Without needing to get into the specifics of each case, what unifies them is that the persons in question were unable, by virtue of a physical (being at sea or imprisoned/held captive) or ritual (excommunication, a vow, etc.) impediment, to cut their hair prior to the festival. When the impediment is lifted, they are given an exemption from the general prohibition, and may attend to their personal grooming even during the midfestival.

Similarly, we need not get into the specifics of which of these cases is most analogous to our current situation of social distancing and sheltering in our homes to recognize that we are currently under an impediment that will almost certainly prevent us from having professional assistance in cutting our hair prior to the festival, and that it is moreover likely that we will remain in this state when the festival is fully over and we are in the counting of the Omer.
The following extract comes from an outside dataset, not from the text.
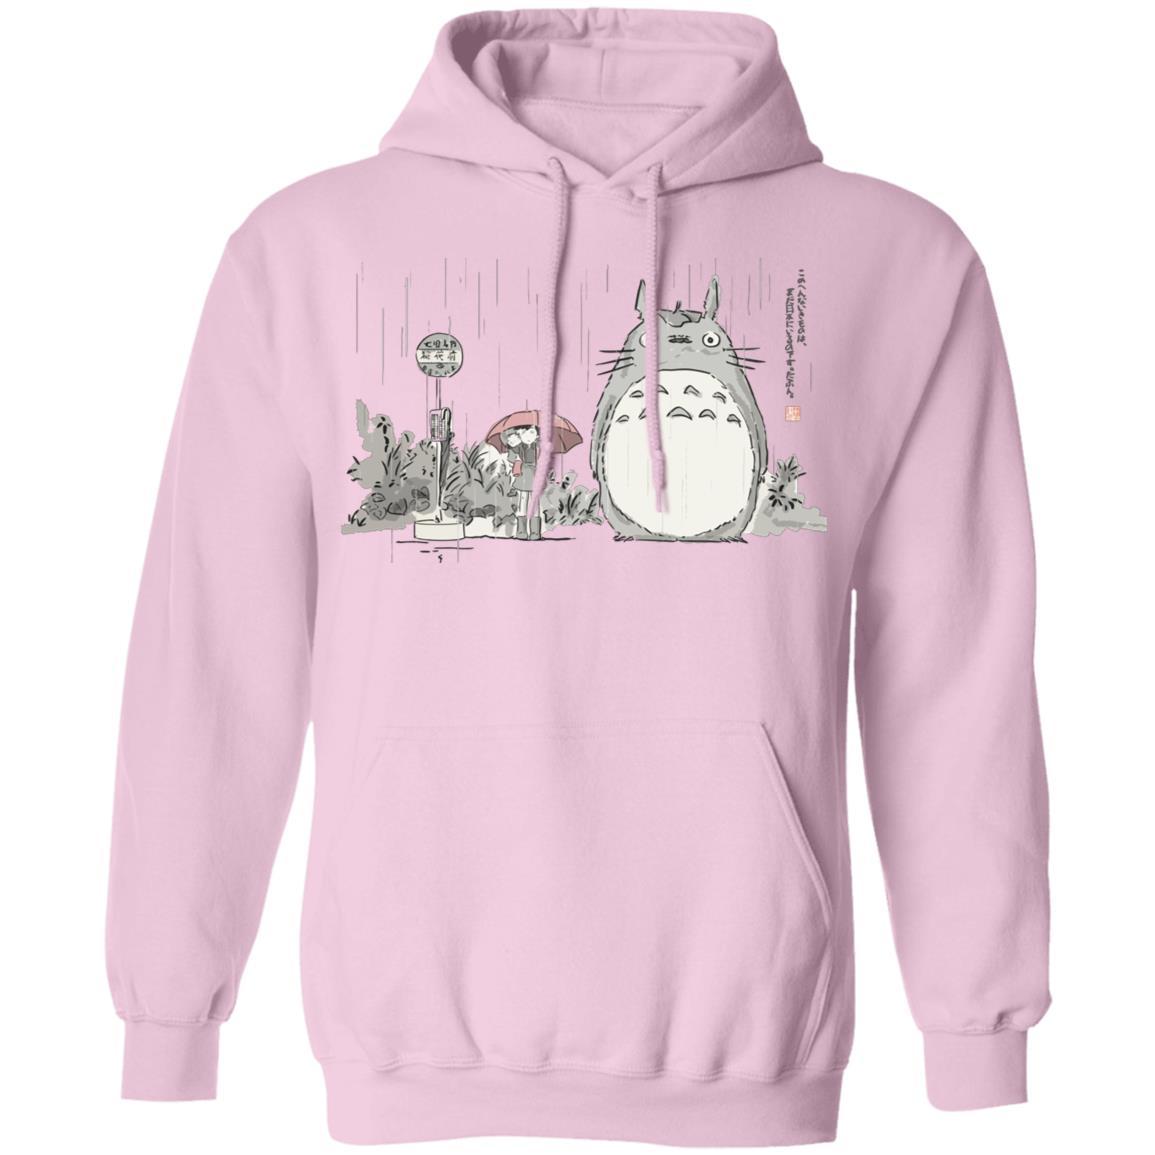 Totoro At The Bus Stop Hoodie

I was thus delighted to find that my intuition to associate these cases was anticipated over a century ago by Rabbi Israel Meir HaKohen in a short comment in the Bi’ur Halakhah portion of the Mishnah Berurah, to S.A. O.H. 493:2:

ומ"מ אותן המותרין להסתפר בחוה"מ כבסימן תקל"א י"ל דגם בספירה שרי דלא עדיף מחוה"מ.

And in any case, those who are permitted to cut their hair during hol ha’mo’ed, as in siman 531, one may say that also during the counting (of the Omer) it is permitted, for this is not more significant than hol ha’mo’ed.

Rather, as noted above, while the restriction during hol ha’mo’ed is a (rabbinic) prohibition, the restriction during the Omer has always been recognized as a minhag at most. Thus, when (God willing, soon), it becomes safe for us to leave our homes again, and businesses such as salons and barbershops are permitted by local authorities to reopen, even those who would normally observe the restrictions on haircutting during the Omer may get their hair cut and styled as soon as they are able and need not wait until (Rosh Hodesh or) Lag b’Omer. Moreover, I cannot help but note the resonance between the affliction that is said to have taken the lives of so many of Rabbi Akiva’s students and the effects of Covid 19, which often causes acute respiratory distress in its most severe and deadly cases. If the lifting of such a plague in tannaitic times was marked in Jewish practice even long after, then it seems only fitting that the lifting of a pandemic in our own time is worthy of recognition when it occurs, and that celebrating by getting one’s hair cut may (or even should) be fully embraced immediately.